Both paths use the same error envelope, so the subagent’s error-handling contract applies uniformly — no new code path in the agent loop.

State Ownership

State	Owner	Storage
Pairing config	Extension	`chrome.storage.local` key `bridge_config`
Domain blocklist entries	Extension	`chrome.storage.local` key `blocklist`
Active sessions (keyed by tabId; multiple per domain allowed)	Extension	`chrome.storage.local` key `activeSessions`
BUA window id	Extension	`chrome.storage.local` key `buaWindowId`
Session audit log (≤ 1000 entries)	Extension	`chrome.storage.local` key `sessionHistory`
In-flight WS requests	Pool (backend, in-memory)	Map<userId, Map<requestId, Pending>>
Connection per user	Pool (backend, in-memory)	Map<userId, WSContext \| WebSocket>
CDP attachment set	`debugger-controller`	In-memory `Set<tabId>`
uid → backendNodeId cache (per tab)	`debugger-controller`	In-memory `Map<tabId, Map<uid, backendNodeId>>` — cleared on `Page.frameNavigated` or `navigate`
`evaluateInProgress` set (guards dialog auto-dismiss)	`debugger-controller`	In-memory `Set<tabId>`
`SessionEvent` subscribers	`session-manager` module-scope	In-memory `Set<listener>` (re-attached on SW wake)

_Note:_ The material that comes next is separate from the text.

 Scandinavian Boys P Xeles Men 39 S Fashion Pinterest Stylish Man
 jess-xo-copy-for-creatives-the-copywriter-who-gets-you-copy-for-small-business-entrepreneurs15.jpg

The background service worker can be terminated by Chrome at any time. When it restarts, the bridge client re-connects and extension-side state is rehydrated from chrome.storage.local. Any agent request in flight at the moment of SW termination is rejected on the backend side with an internal_error — the agent learns of the failure and can choose to retry or stop.

Why this shape

One contract, two implementations — keeps the popup and options page honest about their dependency. Swapping the runtime for a mock in tests is a single factory call.
Pool in shared backend — @zapvol/server and @zapvol/desktop both get identical enforcement behavior. Fixing a timeout bug in one fixes it everywhere.
Scope check in the extension, not the backend — the extension is the only code that sees the live tab. It can enforce “this domain is not blocklisted AND this tab is still open” atomically before dispatching. The backend trusts the extension’s answer and surfaces errors to the agent.
One tool, action enum — mirrors Anthropic’s computer-use shape and keeps the prompt tractable (13 actions in a single JSON schema the LLM has to understand). Individual tools per action would explode the prompt.